Here are some statistics:
[http://webcache.googleusercontent.com/search?q=cache%3ADqQNf...](http://webcache.googleusercontent.com/search?q=cache%3ADqQNfjf4zKAJ%3Awww.forcescience.org%2Fforcepresentation.ppt+&cd=1&hl=en&ct=clnk&gl=us&client=safari)

A couple key points: \- More people in the US are struck each year by
lightning than are killed by police. (373)

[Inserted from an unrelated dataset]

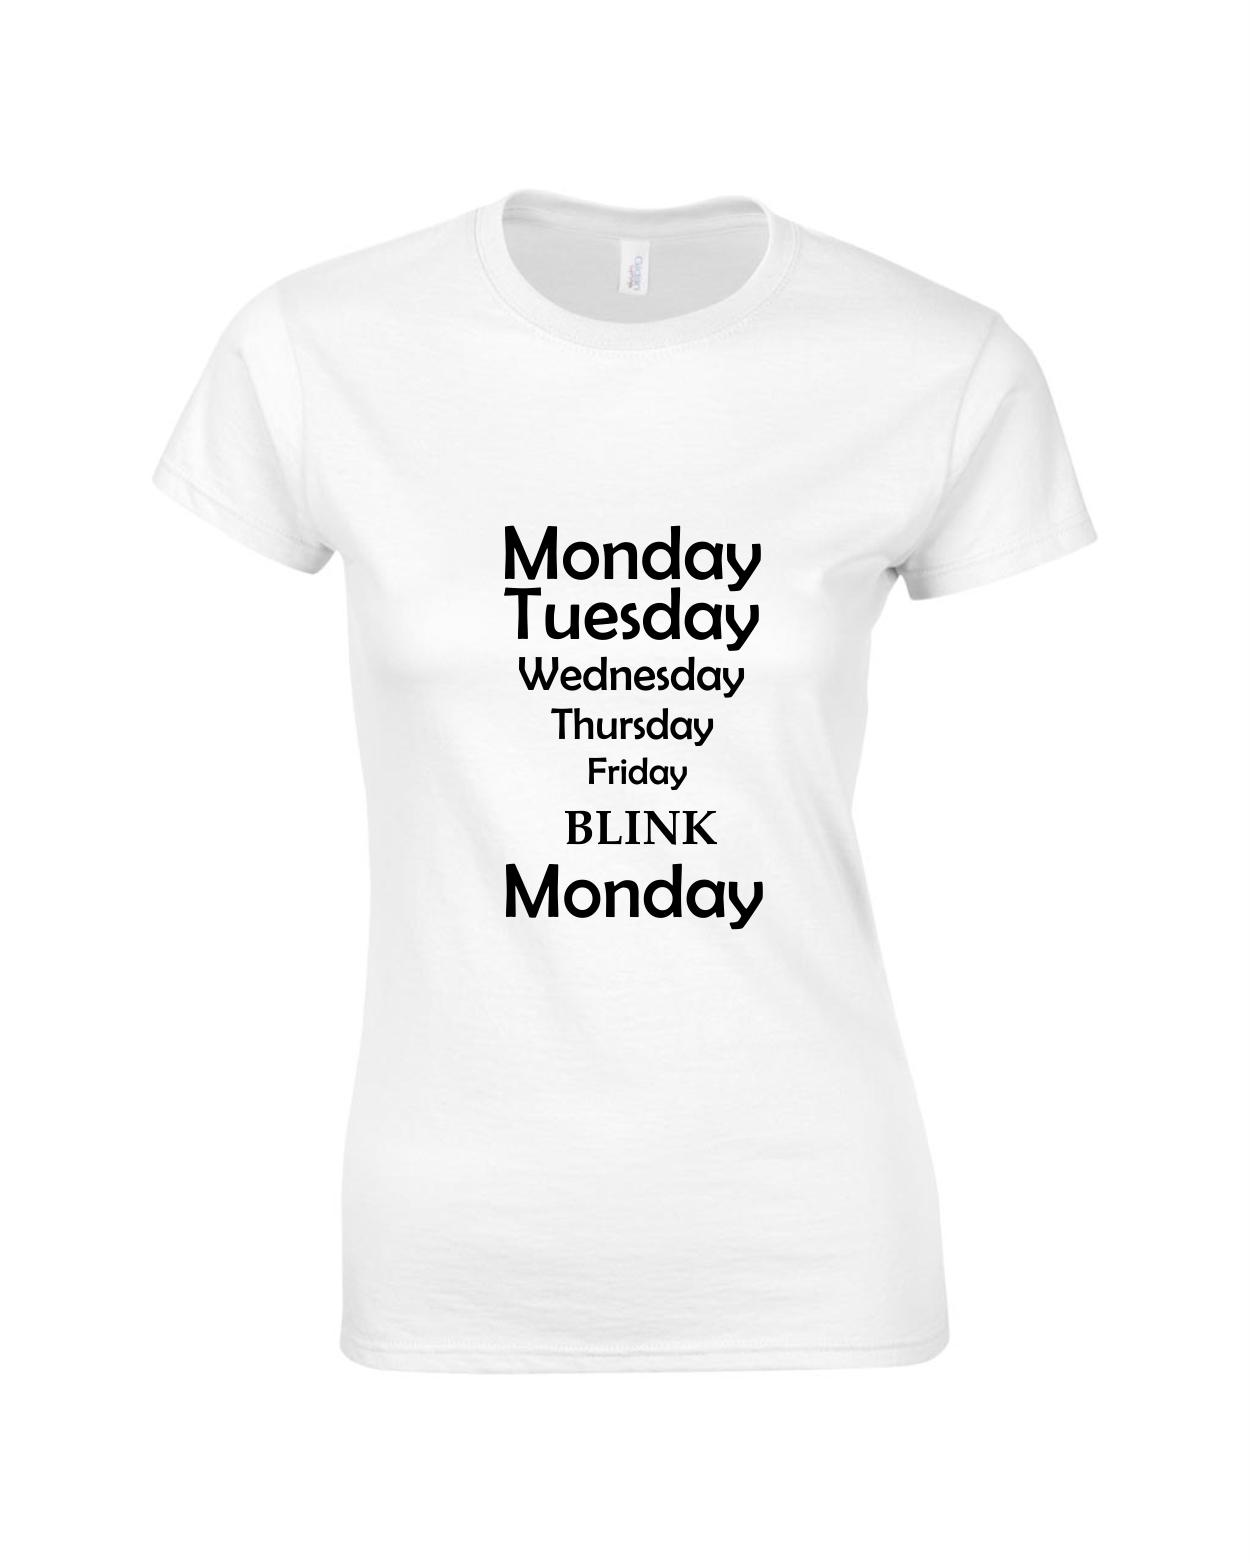 Tricou bumbac dama unisex alb negru imprimat serigrafie Blink

\- Of the 1,491 persons that died from police use of force from 2009-2012: 915
(61.4%) were white males 481 (32.2%) were black males 48 (3.2%) were males of
other races 28 (1.9%) were white females 15 (1.1%) were black females 4 (0.2%)
were females of other races

\- Of the 56,259 homicides from 2009-2012, 19,000 (33.8%) were killings of
black males. Comparisons by types of homicides of black males: 481 (2.5%) were
the result of police use of force 152 (0.8%) were the result of a negligent
accident homicides (i.e., child playing with a gun) 648 (3.4%) were the result
of a justifiable homicides by private citizens acting in self-defense 17,719
(93.3%) were criminal homicides (murders)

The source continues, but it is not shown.